Task Manager — zero setup. Ctrl+Shift+Esc → Performance → GPU. Shows dedicated GPU memory in a small, resizable window you can pin to a corner without occupying a terminal.
At Recipe 1 settings, expect to see around 16GB in use. If you are consistently sitting above 22GB, drop VAL_TYPE to q4_0 in the .bat file and restart.
Performance at a Glance
| Setting | Context | VRAM | Speed | KV Cache |
|---|---|---|---|---|
| Recipe 1 | 262K | ~16GB | ~111 tok/s | 2.7 GB |
| Recipe 2 | 262K | ~14GB | ~111 tok/s | ~1.8 GB |
| Recipe 3 | 64K | ~13GB | ~115 tok/s | 0.7 GB |
The KV cache numbers reflect the MoE advantage: only 10 of the model’s 40 layers are attention layers. The rest use a fixed-size recurrent state that does not grow with context.
Troubleshooting
| Problem | Fix |
|---|---|
Model not appearing in /model | Check model ID with curl http://<host-ip>:1234/v1/models |
| OpenCode not connecting | Re-check host IP via cat /etc/resolv.conf — it changes on restart |
| Out of memory | Reduce CONTEXT or drop VAL_TYPE to q4_0 |
| Slow generation | Increase BATCH_SIZE |
| Poor quality responses | Switch from q4_0 to q8_0 KV |
| OpenCode tool calls failing | Ensure --jinja flag is present in the .bat file |
q6_0 KV type not accepted | Not supported — use q5_0 or q5_1 instead |
You’re Ready
Start with Recipe 1. Monitor your VRAM. The 35B MoE is your only model and it is the right one. It’s smaller than the dense alternatives, faster, better at coding tasks, and comfortable at full 262K context on a 3090.

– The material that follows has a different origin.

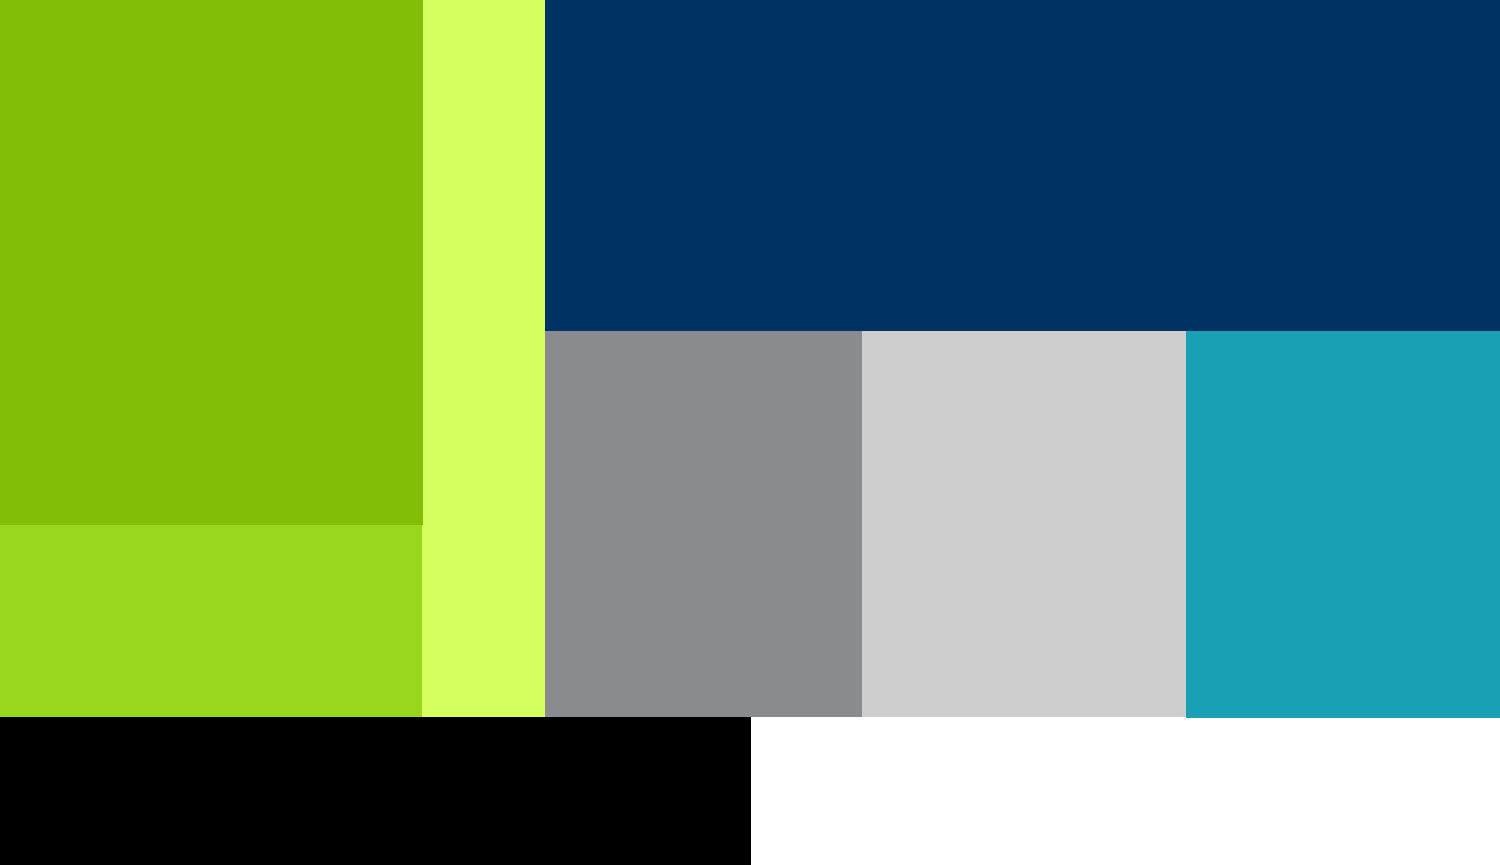 Alternate color palette for GoalPath solutions; similar to the baseline palette shown above, but with less use of dark navy blue and the introduction of more fresh greens and pure whites
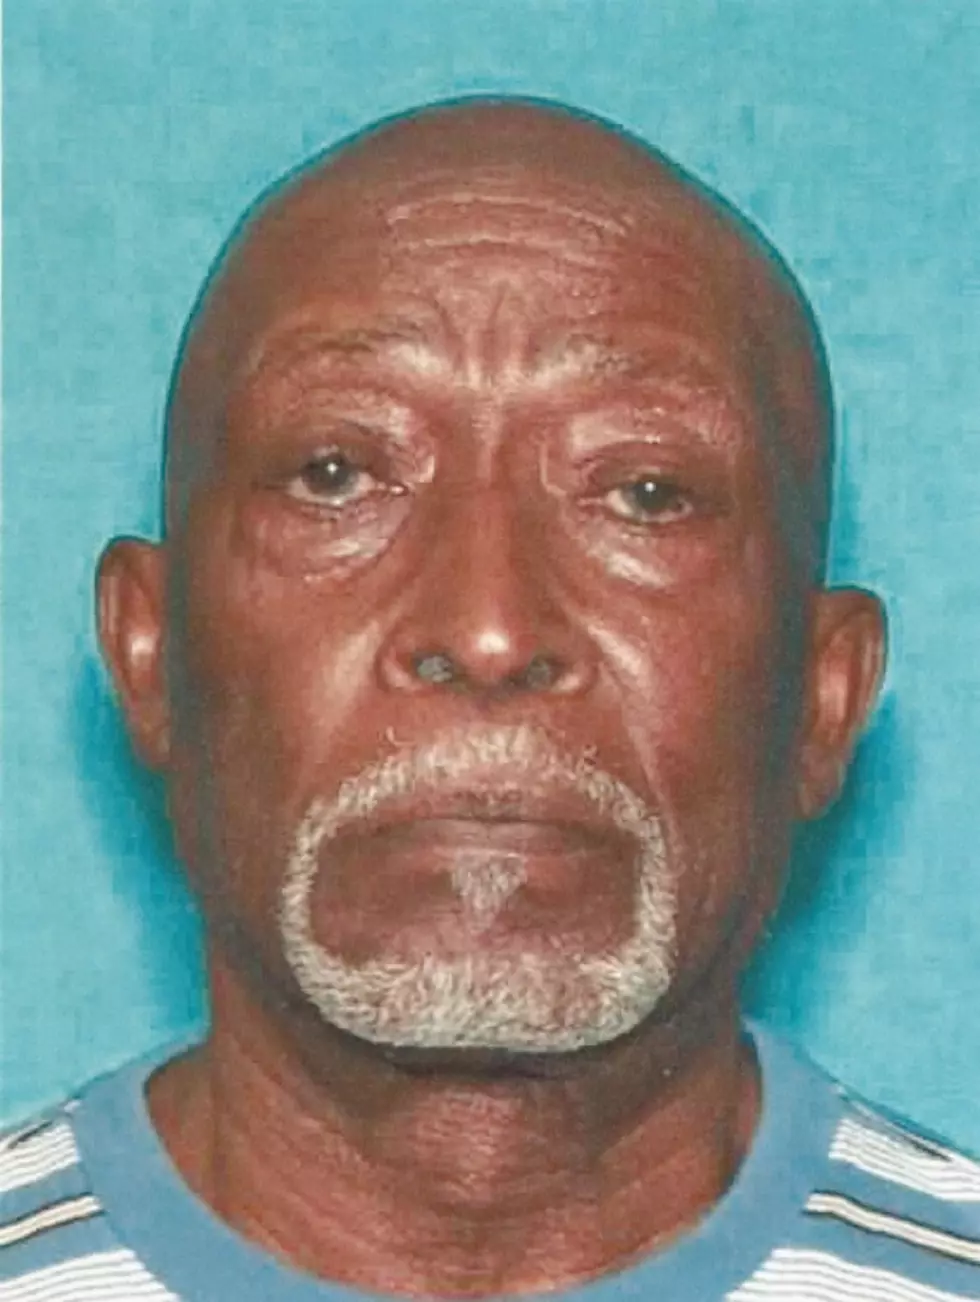 Silver Alert Issued for Missing Killeen Man

Not One Spinning Plate Dropped
This is not a single-click solution. You are managing multiple moving parts: compiling a specialized server, starting it before each session, and being comfortable enough in the terminal to navigate a few shell commands. There are enough plates spinning that it shouldn’t work, and yet it does. A local model that ranks with the best subscription offerings a few months ago, running on hardware you own, with a context window that holds entire codebases.
And it’s only going to get better from here.